Having represented his district in Congress for nearly 28 years, Neal, a former mayor of Springfield, is the longest-serving member of the Massachusetts House delegation. He has held a seat on the Ways and Means Committee since 1993, making him an expert in the US tax code and the arcane details of investment products such as 401(k) plans.
He is an old-school practitioner of Washington politics, shunning harsh partisan combat in favor of quiet relationship-building.
Neal’s top 10 list of career campaign supporters is heavy with insurance and financial services companies. MassMutual tops his list of career sources of political money with nearly $350,000 from its employees and political committees. FMR (the umbrella company of Fidelity Investments), the Boston-based mutual fund giant, is second, according to the Center for Responsive Politics, a nonpartisan organization that tracks political contributions.
Neal said that campaign contributions had “no bearing” on legislation he files and that his contributors are reflective of the mix of businesses in his district. He added he wants to move past the stark positions that have divided Washington.
“These arguments become ‘either/or’ and we’re supposed to be boxed in by advocacy groups on both sides,” he said. “This is making sure that middle-class men and women get decent advice on what to do in their retirement savings.”
By joining the heated battle over broker rules, Neal has waded into one of the longest-running fights of the Obama era. IRAs, like employer-sponsored 401(k) plans, are more crucial than ever with the decline of fixed-benefit pensions for American workers. Administration officials say IRAs need to be protected from exploitation by brokers pushing costly mutual funds or highly complex annuities on unsophisticated investors.
The current professional standard for broker advice is whether an investment is “suitable” for a client. The Department of Labor rules would change that to a “best interest” standard for IRAs — a move intended to require that any recommendation benefits the client first and foremost. The rules also would set detailed compliance requirements on that “best interest” standard — and those details are what have drawn howls from the industry.

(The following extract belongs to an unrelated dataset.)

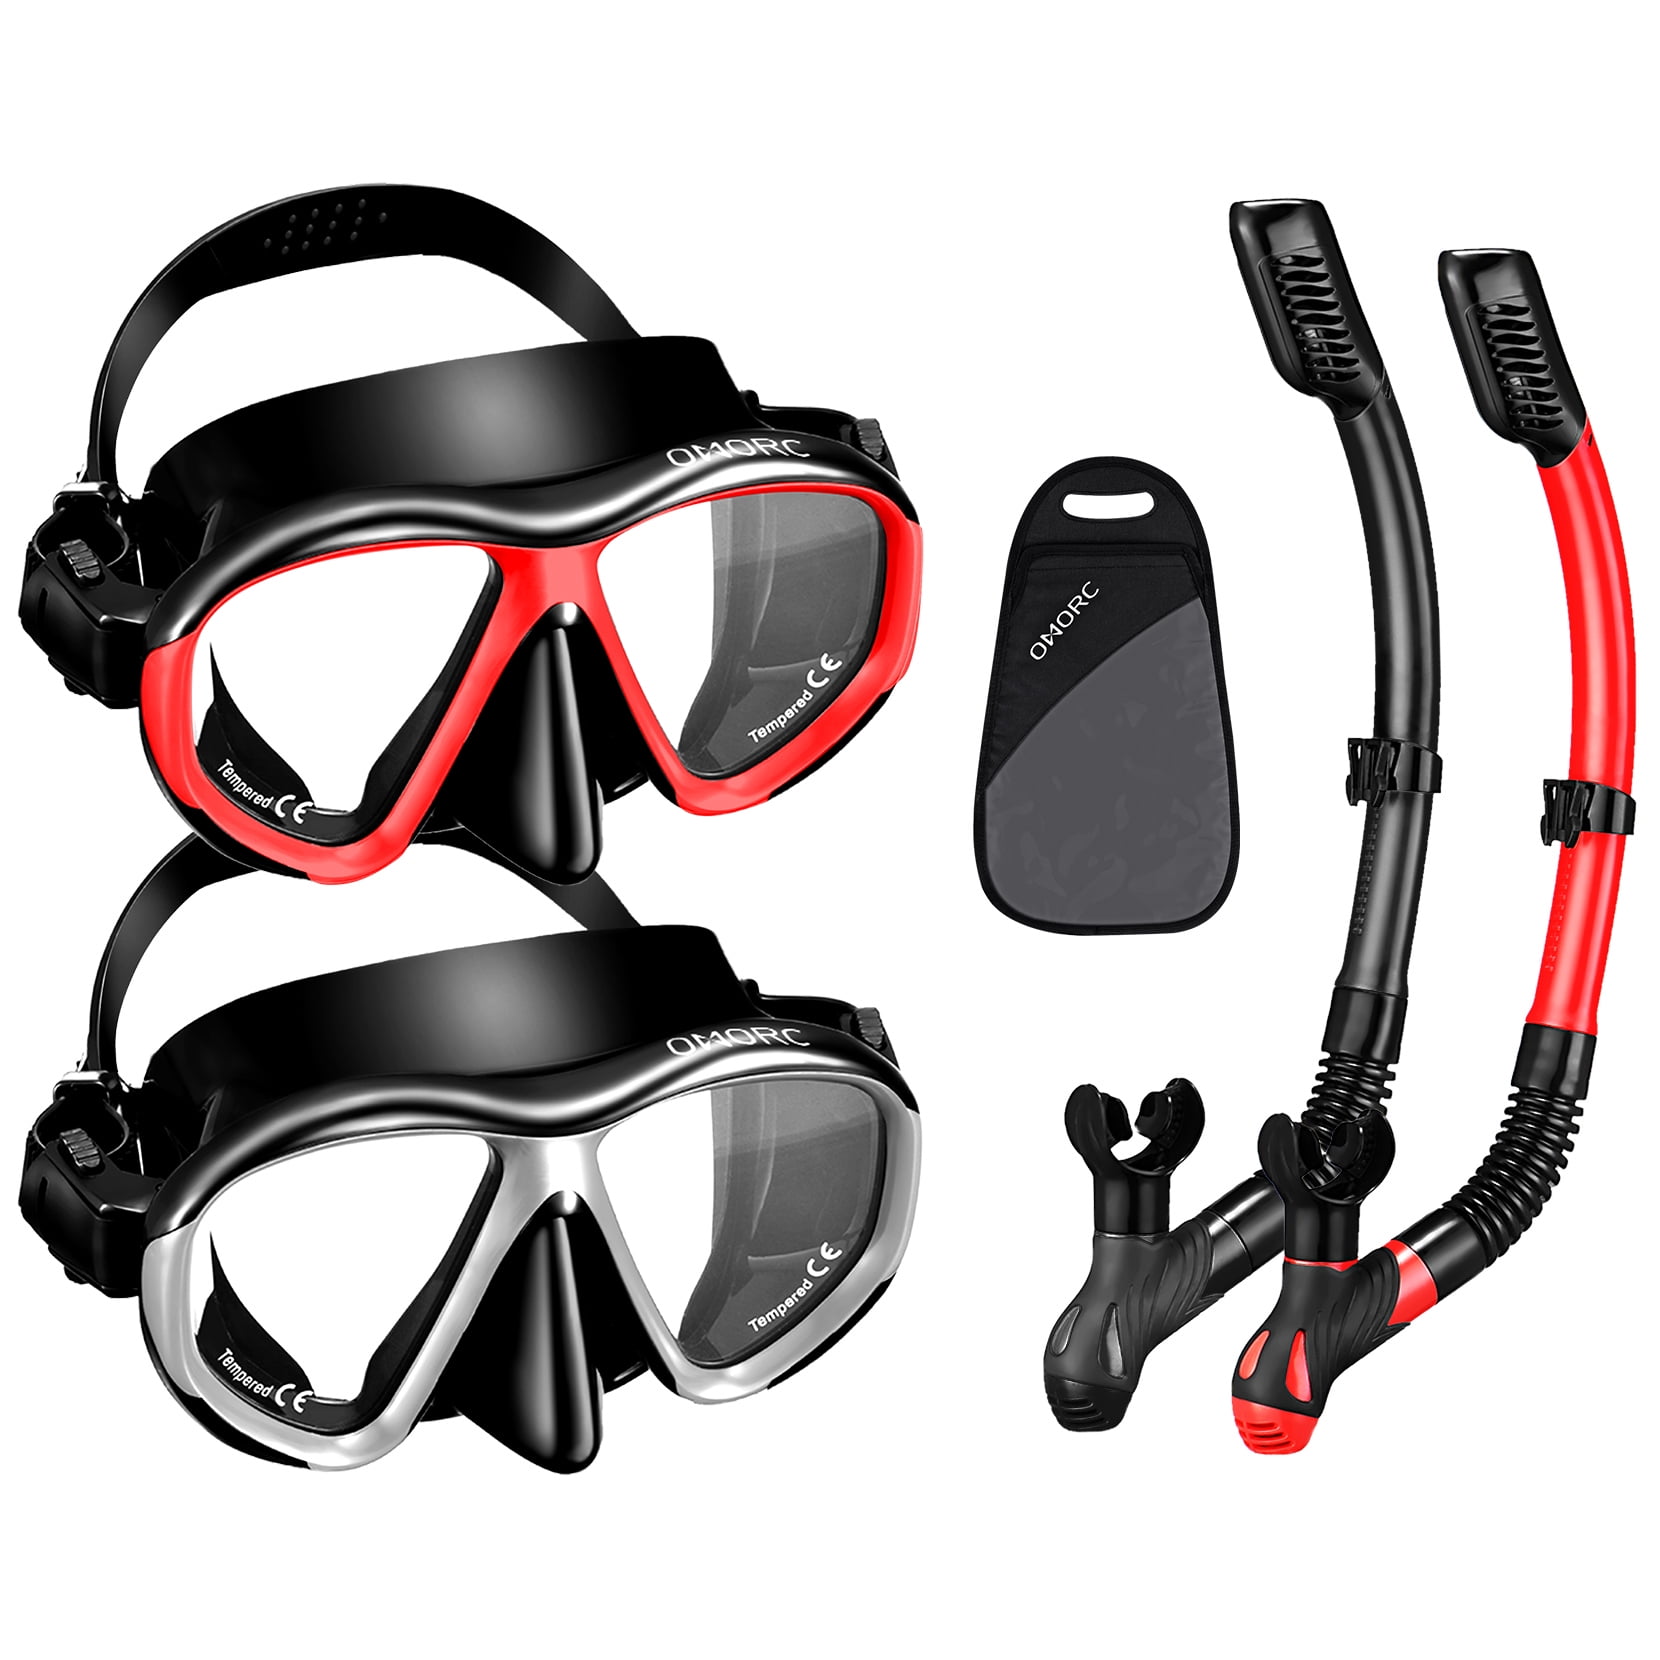 Optical Lens for IST M80 Search M200 Synthesis and ME80 Pro Ear Masks

Powerful industry associations are fully mobilized in Washington and Massachusetts. The advocacy of the Boston Asset Management Association, a collection of mutual fund powerhouses, is coordinated by James Segel, a registered lobbyist who was former representative Barney Frank’s chief counsel and helped write the Dodd-Frank reform legislation. Segel said the danger is insurance and mutual fund companies will stop offering free retirement advice to middle- and low-income investors because the rules would be so burdensome.
A crucial moment for investment advice occurs when someone rolls over a 401(k) from a former employer and opens an IRA. The industry argues that these conversations are crucial to getting people to save.

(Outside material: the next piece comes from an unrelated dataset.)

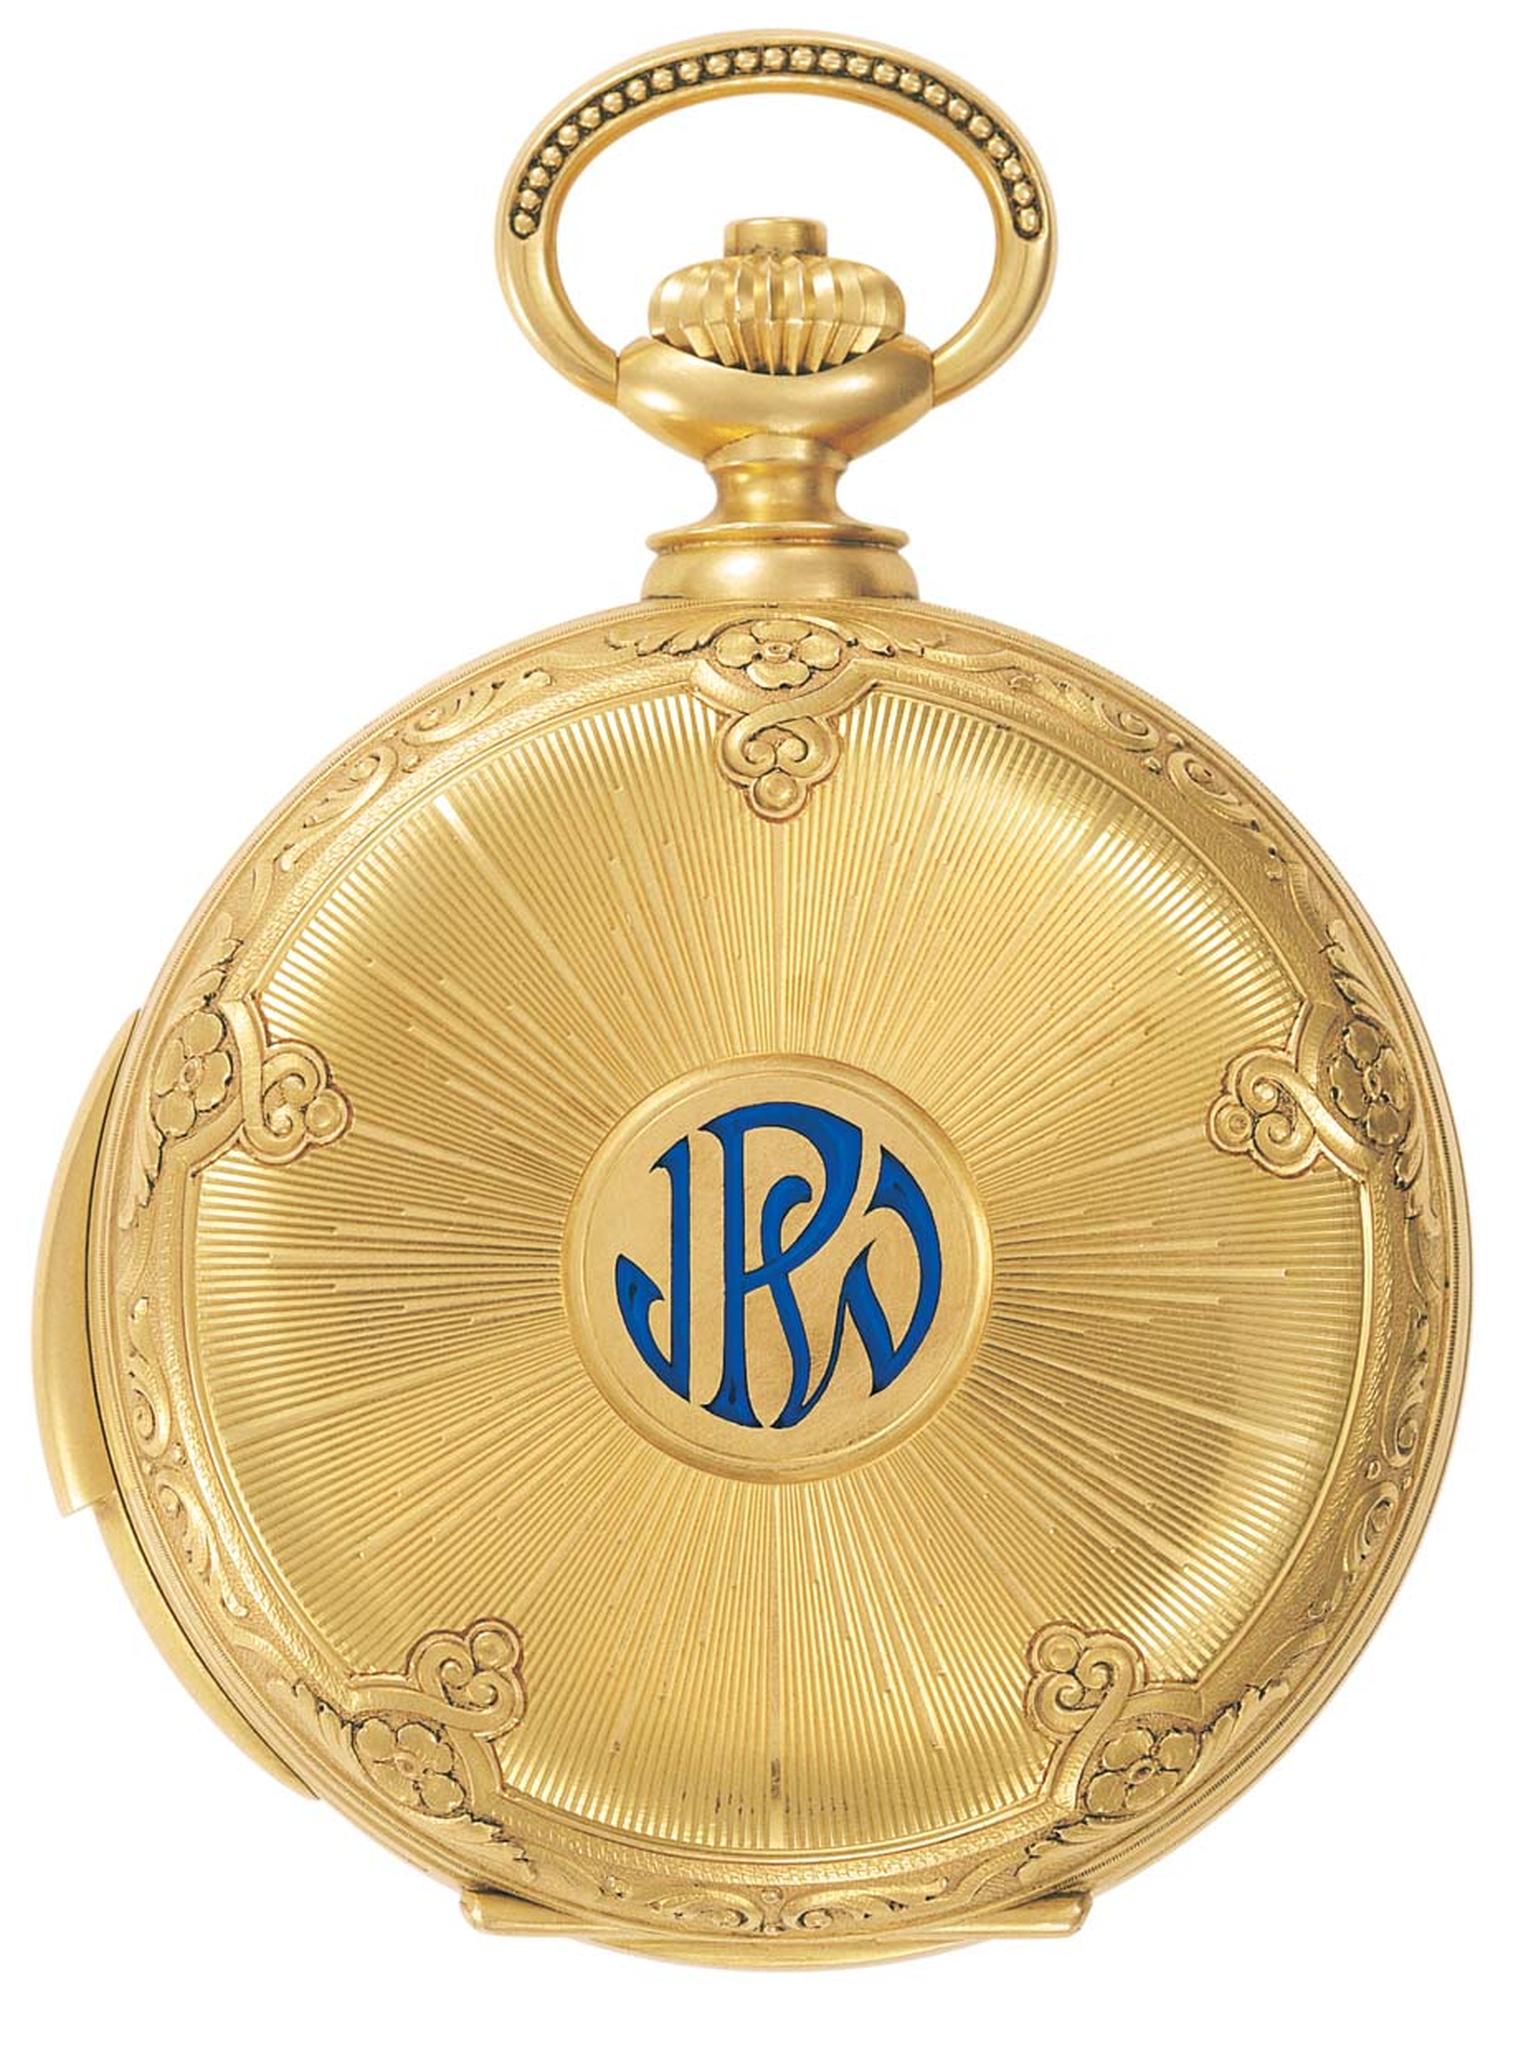 The reverse of James Ward Packard's astronomical pocket watch.

Fidelity 401k customers, for instance, “are three times less likely to cash out of their plans if they have had a conversation with a representative,” Fidelity spokesman Steve Austin said. “We support the bipartisan Neal-Roskam legislation because it ensures that middle class savers and small businesses get the critical help they need and desire, and that it is in their best interests.”
In a statement e-mailed to the Globe, MassMutual said the Department of Labor regulations are “overly broad and ambiguous and will result in fewer Americans saving for retirement.”
But Roper, at the Consumer Federation of America, does not believe America’s investment industry will abandon IRA clients. She contends the industry is using scare tactics to sway the political debate.
“There is no way they are walking away from the multitrillion-dollar rollover market,” she said. “It is the most significant source of funds in average investor accounts.”